More than 75,000 digital subscribers have canceled their reconciliations in The Washington Post after a notice from its owner, Jeff Bezos, that the letter opinion section would be rebuilt to approximate the libertarian ideals seeking “personal freedoms” and “free markets”, according to a report.
The decision, which Bezos announced on Wednesday, caused immediate unrest within the organization, including the resignation of the opinion editor David Shipley, who had unsuccessfully tried to remove Bezos from the change.
A previous mass exodus of subscribers began in late October when Bezos reportedly blocked a planned approval of democratic President Kamala Harris.
Between this decision and the election day, over 300,000 subscribers terminated links to the post, reaching more than 12% of his digital subscribers.
Despite an aggressive impetus to attract new subscribers – adding 400,000 with deducted tariffs – the newspaper has still suffered a “net loss of several hundred thousand”, paying subscribers, reported NPR.
Many inside the news room believe that without Bezo’s interventions, the basis of the paper subscribers would have remained significantly higher, according to national public radio, which first reported the last round of cancellations.

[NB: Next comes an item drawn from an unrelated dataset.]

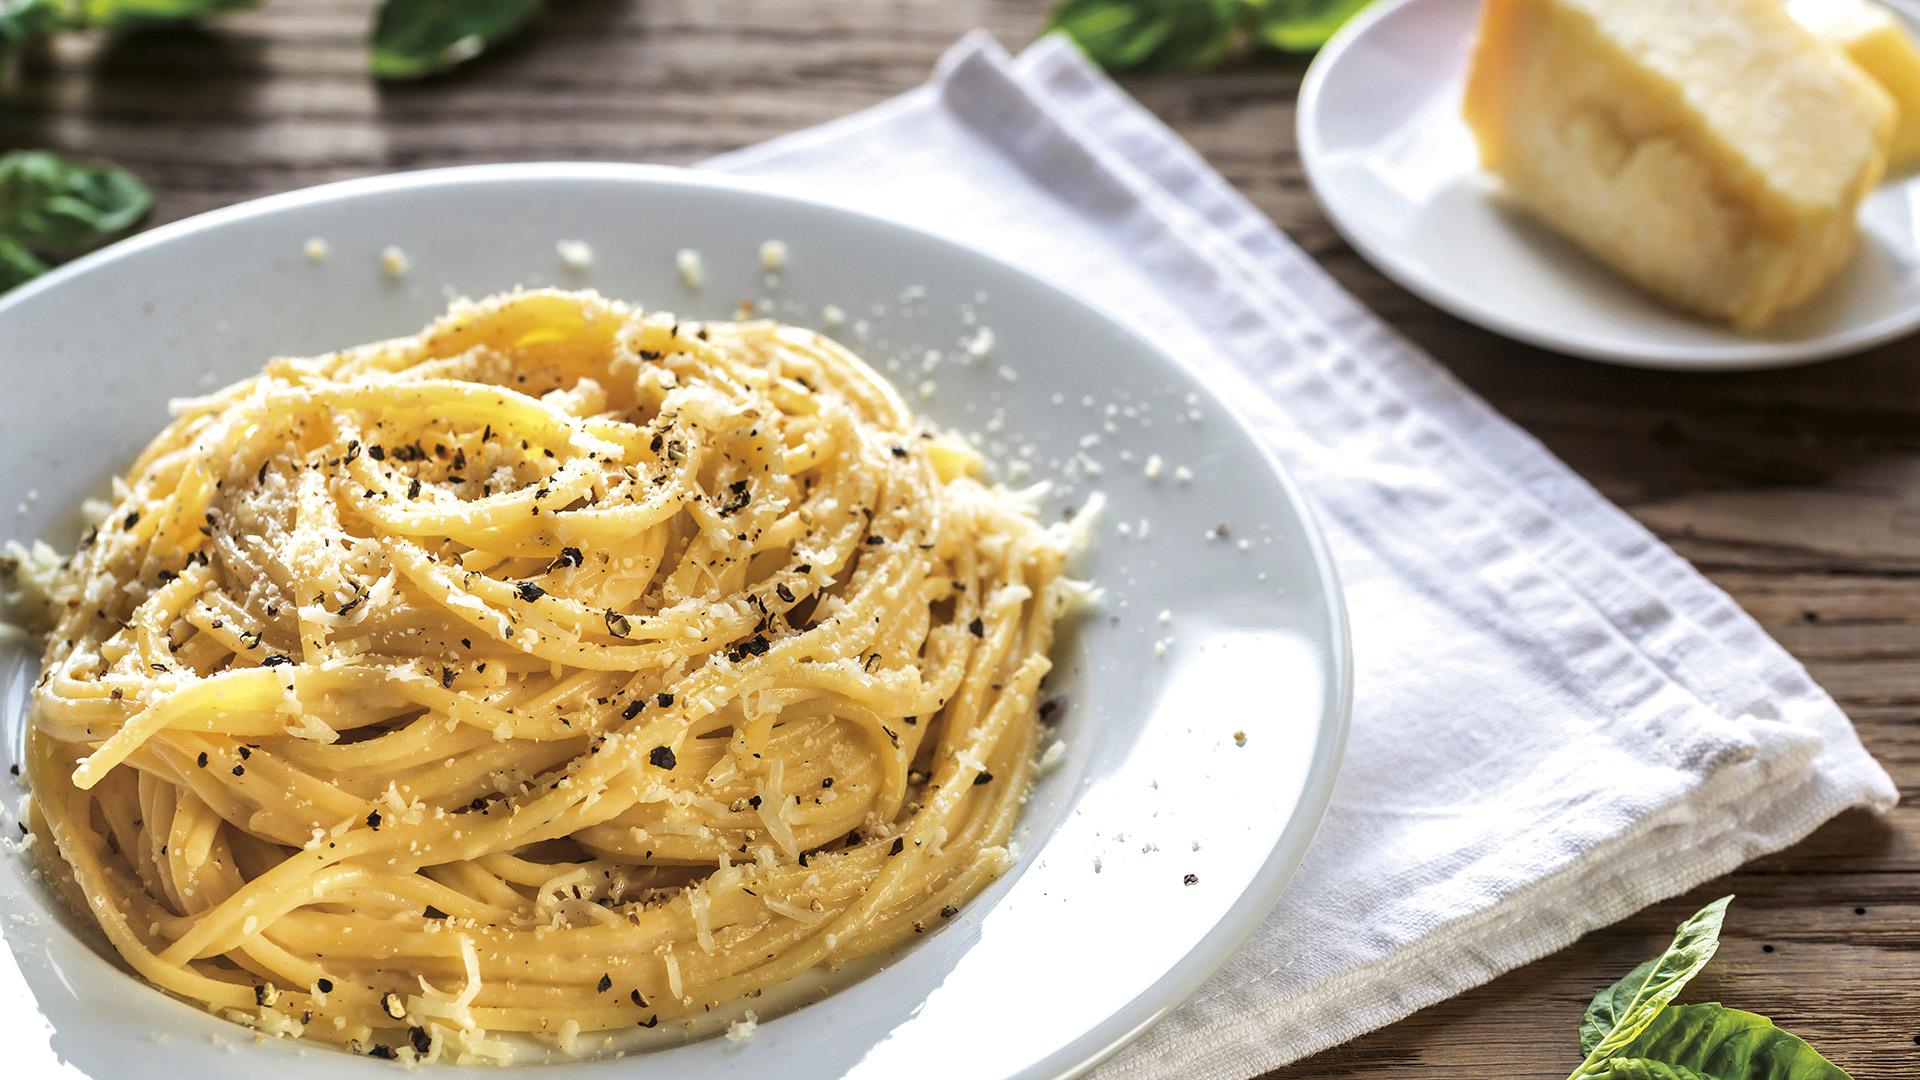 A Simple Yet Delicious Recipe for Cacio e Pepe to Make at Home

Shipley did not respond to requests for comment. A Washington Post spokesman refused to comment.
Bezo’s movement to fix the opinion section was the subject of a column by the Washington Post Media critic Erik Wemple, but the part was killed by editors, according to a report.
Fallout stretched beyond the news room, as the long figures associated with the post expressed their disapproval.

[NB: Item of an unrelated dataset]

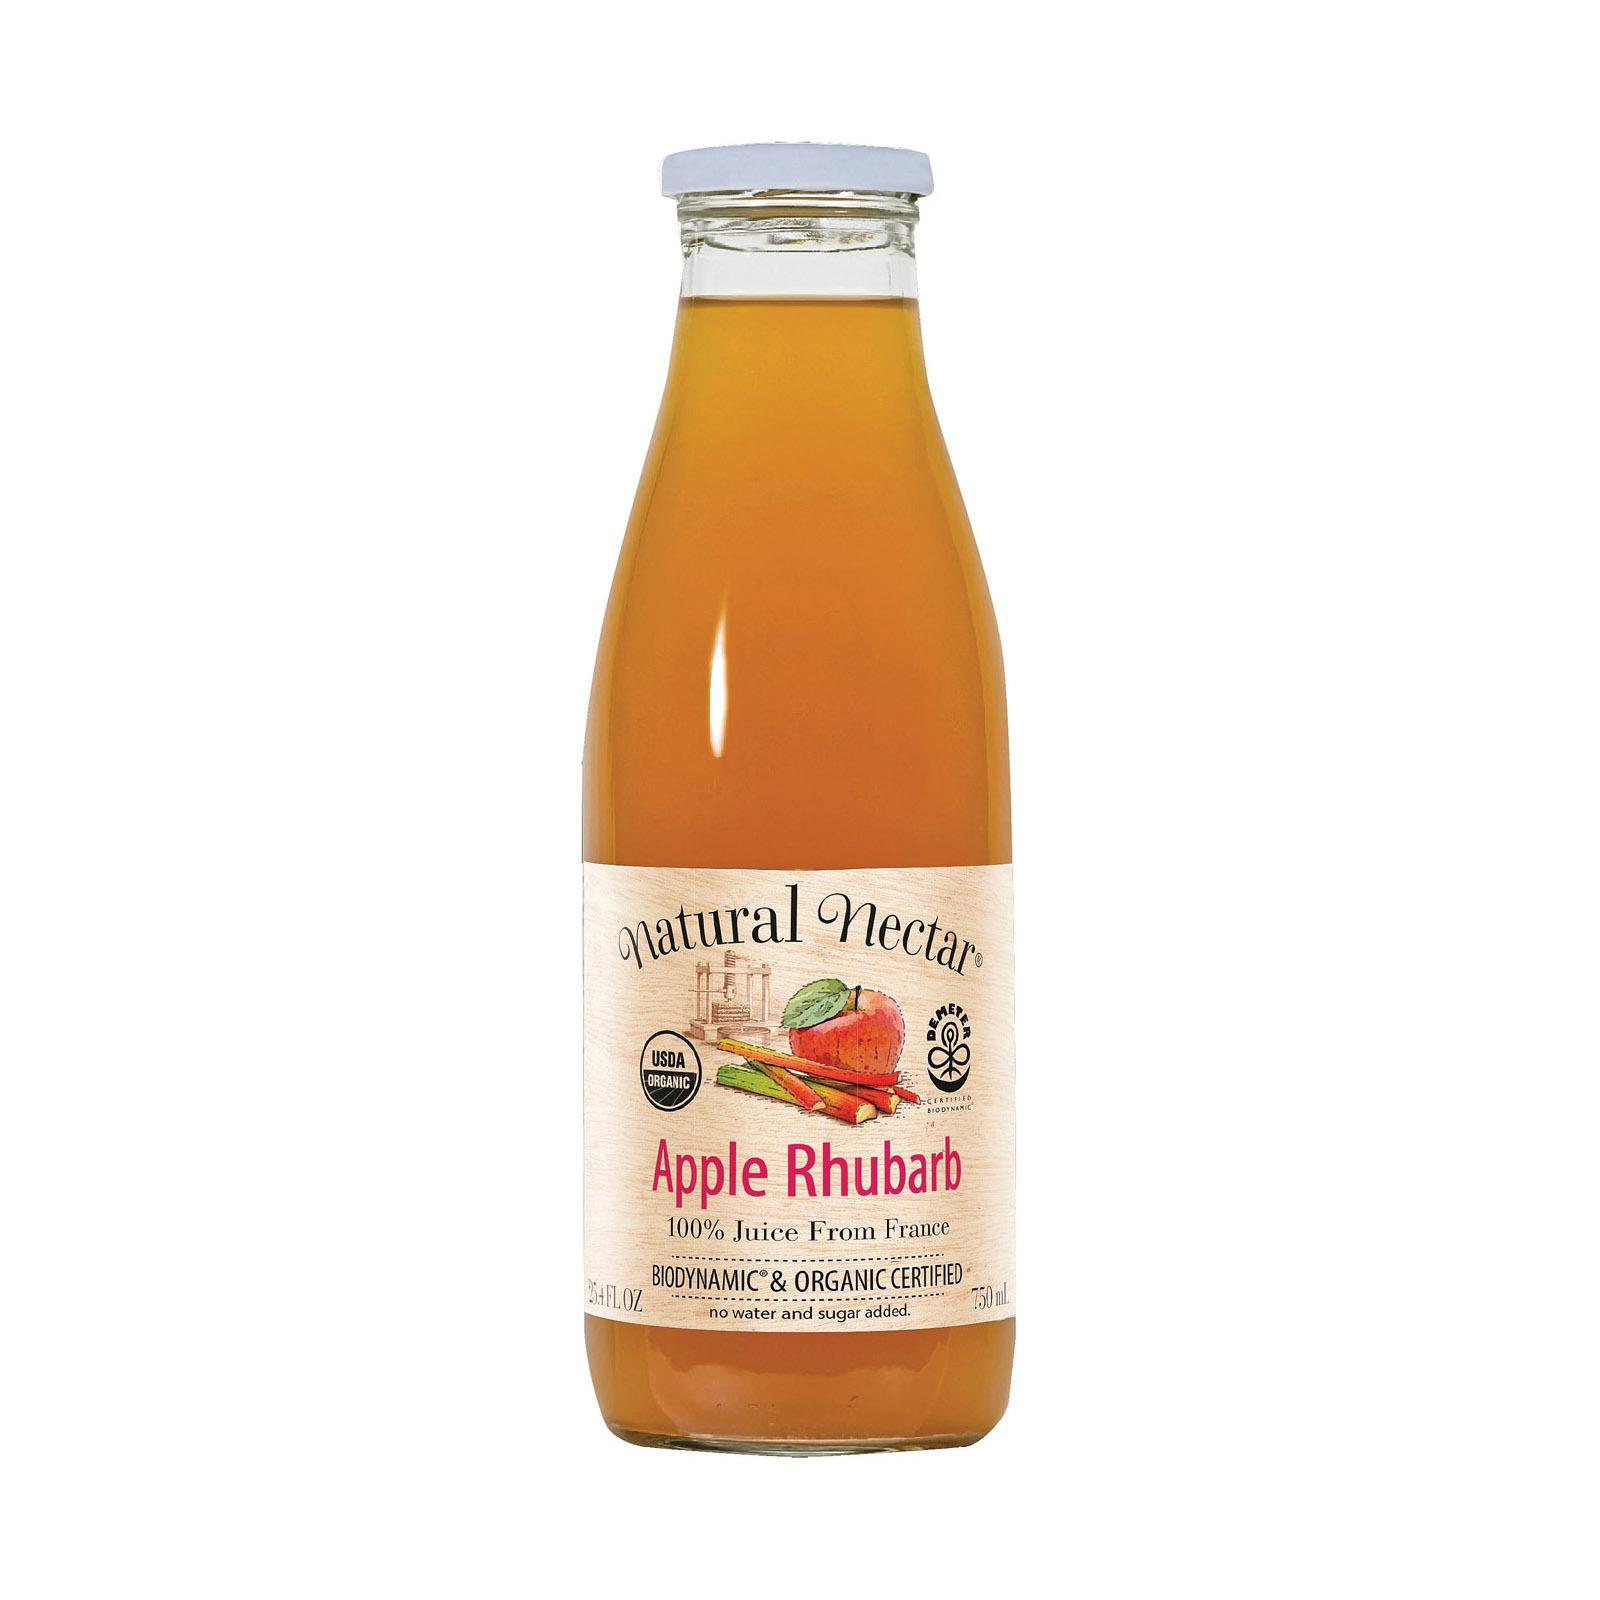 Natural Nectar Fruit Juices - Apple Rhubarb - Case of 6 - 25.4 Fl oz.

Associate editor David Maraniss and former executive editor Marty Baron expressed concern, with Baron describing the action as “Craven”.
In an interview with Zeteo News, Baron, who had previously praised Bezos in his 2023 memory, suggested that the billionaire was “essentially scared” of President Trump.
The number of reconciliation cancellations, first reported by the NPR, was provided by a source that demanded anonymity due to concerns about professional consequences.
The Washington Post company, citing its status as a private business, refused to comment on figures or criticisms.
Bezos told employees in a memorandum that he supported a shift to support of “personal freedoms and free markets”.
“We will cover other topics, of course,” Bezos wrote in a message to the staff, which he publicly shared on X, the social media platform owned by Elon Musk.
“But the views that oppose those pillars will be left to be published by others.”
He argued that in the digital era, newspapers no longer need to offer a “broad -based thought section that [seeks] to cover all views. “
Inside the news room, the concerns have escalated over possible editorial intervention.
Executive editor Matt Murray tried to secure the staff, stating that he had not received any indication that Bezos intended to change the news coverage. He repeated this position in a memorandum for employees, encouraging them to continue to report “without fear or favor”, according to NPR.
Bezos defended his editorial decisions, in particular the refusal of Harris’s approval, claiming he was seeking to strengthen the newspaper’s credibility between the general public.
“Most people believe the media is biased,” he wrote in an OP-ED.
“Whoever does not see this is paying little attention to reality, and those who fight reality are lost.”
However, he also admitted that his business interests create complexes, as Amazon and Blue Origin have broad contracts with the federal government.
Given the Trump administration’s focus on reshaping government and private industry, concerns about conflicts of interest have emerged.
“You can see my wealth and business interests as an attack against intimidation, or you can see them as a network of interests in opposition. Only my principles can give balance from one to another,” Bezos wrote in October.
Since then, he has donated $ 1 million to Trump’s inauguration fund and has participated in the president’s oath along with other technology executives. Trump later discovered that he had dinner with Bezos on Wednesday night.
The developing relationship between Bezos and Trump has unstable mail workers, with some choosing to express their opposition publicly.
In January, Shipley rejected a political cartoon from Pulitzer pricing Ann Telnaes, who described Bezos and other technology moguls that capture for Trump.
Telnaes then resigned. The controversy about Telnaes’s departure aroused another wave of reconciliation cancellations, reportedly exceeding normal levels.